# QA over unstructured data
This notebook presents the task of question-answering over unstructured data (e.g. PDFs, content from websites, etc.).

Our goal is to build an NBA assistant bot that can answer questions regarding NBA, NBA rules, players, etc.

In [None]:
import bs4
import dotenv
import tiktoken

from langchain.chat_models import ChatOpenAI
from langchain.document_loaders import WebBaseLoader, WikipediaLoader
from langchain.embeddings import OpenAIEmbeddings
from langchain.schema import StrOutputParser
from langchain.schema.runnable import RunnablePassthrough
from langchain.prompts import PromptTemplate
from langchain.text_splitter import RecursiveCharacterTextSplitter
from langchain.vectorstores import FAISS

In [None]:
dotenv.load_dotenv()

## Document loading
First step of indexing is loading the documents - this is the data that we want the LLM to see when answering the questions.

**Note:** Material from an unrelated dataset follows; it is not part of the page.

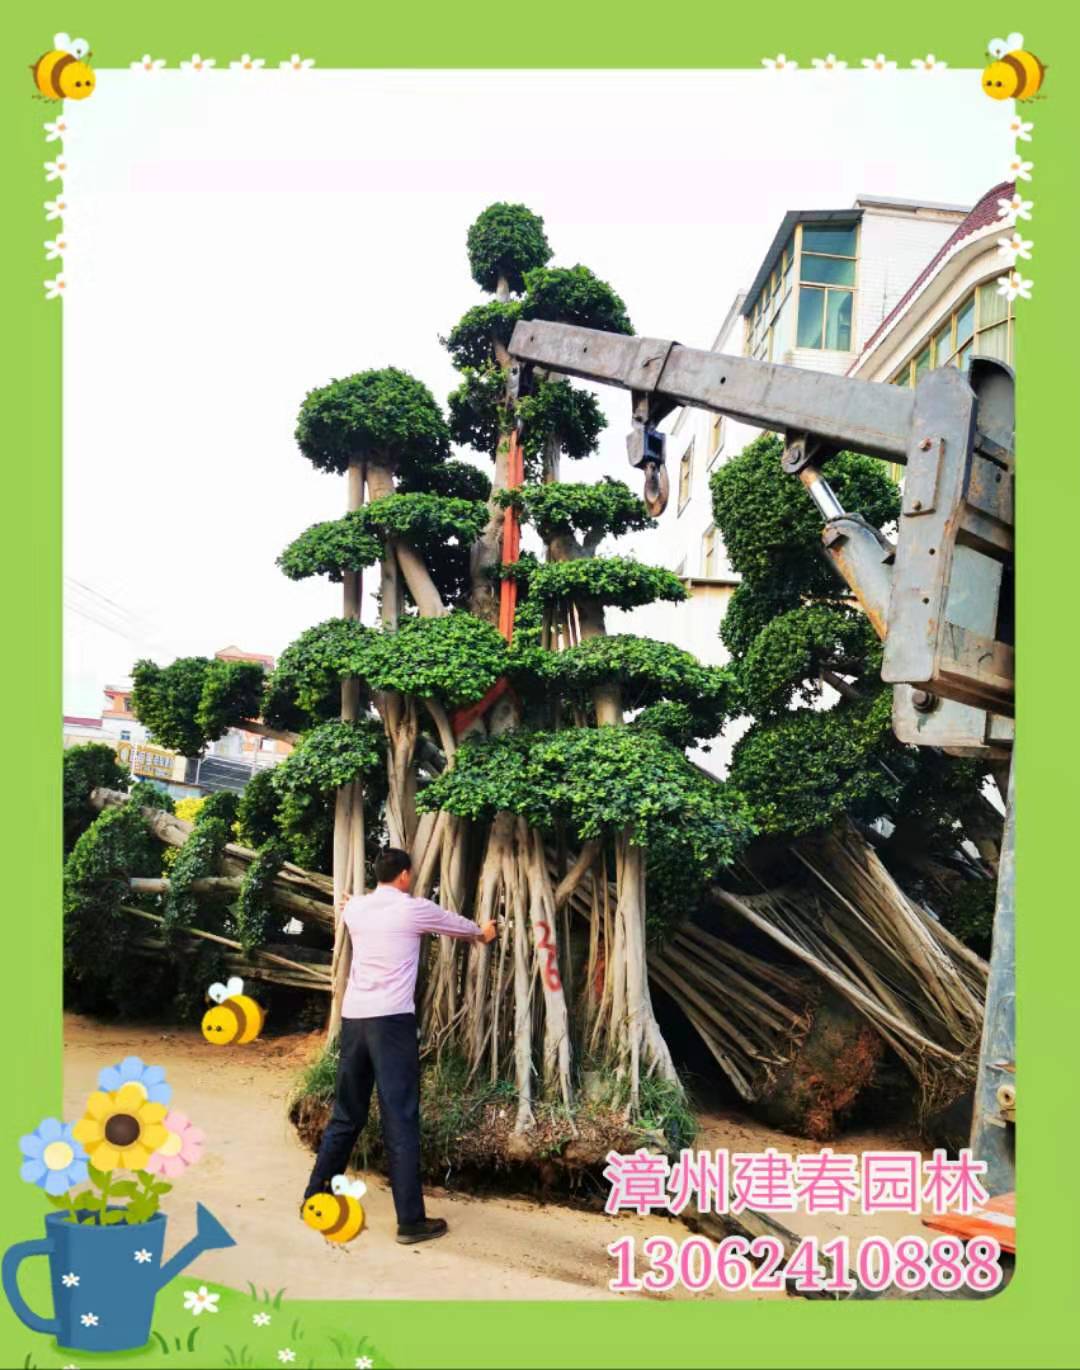 四川精品造型小叶榕&冠幅3米大型气根榕树盆景

In our example we are using two data sources: official NBA rulebook and a small set of Wikipedia articles regarding the general topic of NBA.

In [None]:
nba_rules_urls = [
    "https://official.nba.com/rule-no-1-court-dimensions-equipment/",
    "https://official.nba.com/rule-no-2-duties-of-the-officials/",
    "https://official.nba.com/rule-no-3-players-substitutes-and-coaches/",
    "https://official.nba.com/rule-no-4-definitions/",
    "https://official.nba.com/rule-no-5-scoring-and-timing/",
    "https://official.nba.com/rule-no-6-putting-ball-in-play-live-dead-ball/",
    "https://official.nba.com/rule-no-7-24-second-clock/",
    "https://official.nba.com/rule-no-8-out-of-bounds-and-throw-in/",
    "https://official.nba.com/rule-no-9-free-throws-and-penalties/",
    "https://official.nba.com/rule-no-10-violations-and-penalties/",
    "https://official.nba.com/rule-no-11-basket-interference-goaltending/",
    "https://official.nba.com/rule-no-12-fouls-and-penalties/",
    "https://official.nba.com/rule-no-13-instant-replay/",
    "https://official.nba.com/rule-no-14-coaches-challenge/"
]

To load the data, LangChain provides *DocumentLoaders*. There are different *DocumentLoaders* available for different input sources, e.g. PDFs, HTML, Markdown, etc.

In [None]:
loader = WebBaseLoader(
    web_paths=nba_rules_urls,
    bs_kwargs=dict(parse_only=bs4.SoupStrainer(class_="col-xs-12 col-md-9")),
)

nba_rules_docs = loader.load()

In [None]:
nba_rules_docs[0]

Each document contains *page_content* and *metadata* (can be important in retrieval pipeline, e.g. improving performance with filtering based on attributes either manually or with SelfQueryRetriever).

In [None]:
nba_wiki_docs = WikipediaLoader(query="NBA").load()
nba_wiki_docs

In [None]:
docs = nba_rules_docs + nba_wiki_docs
for player in ["Luka Doncic", "Nikola Jokic"]:
    docs.append(WikipediaLoader(query=player, load_max_docs=1).load()[0])

In [None]:
len(docs)

## Chunking / splitting
The process of splitting original documents into smaller, more managable (in LLM terms) segments.

In [None]:
len(nba_rules_docs[11].page_content)

In [None]:
encoding = tiktoken.encoding_for_model("gpt-3.5-turbo")
len(encoding.encode(nba_rules_docs[11].page_content))

In [None]:
splitter = RecursiveCharacterTextSplitter(chunk_size=1000, chunk_overlap=400)
split_docs = splitter.split_documents(docs)

In [None]:
len(split_docs)

## Embed & store

In [None]:
vectorstore = FAISS.from_documents(documents=split_docs, embedding=OpenAIEmbeddings())

## Retrieve
Start of the LLM application logic.

In [None]:
retriever = vectorstore.as_retriever(search_kwargs={'k': 4})

In [None]:
retriever.get_relevant_documents("How old is Nikola Jokic?")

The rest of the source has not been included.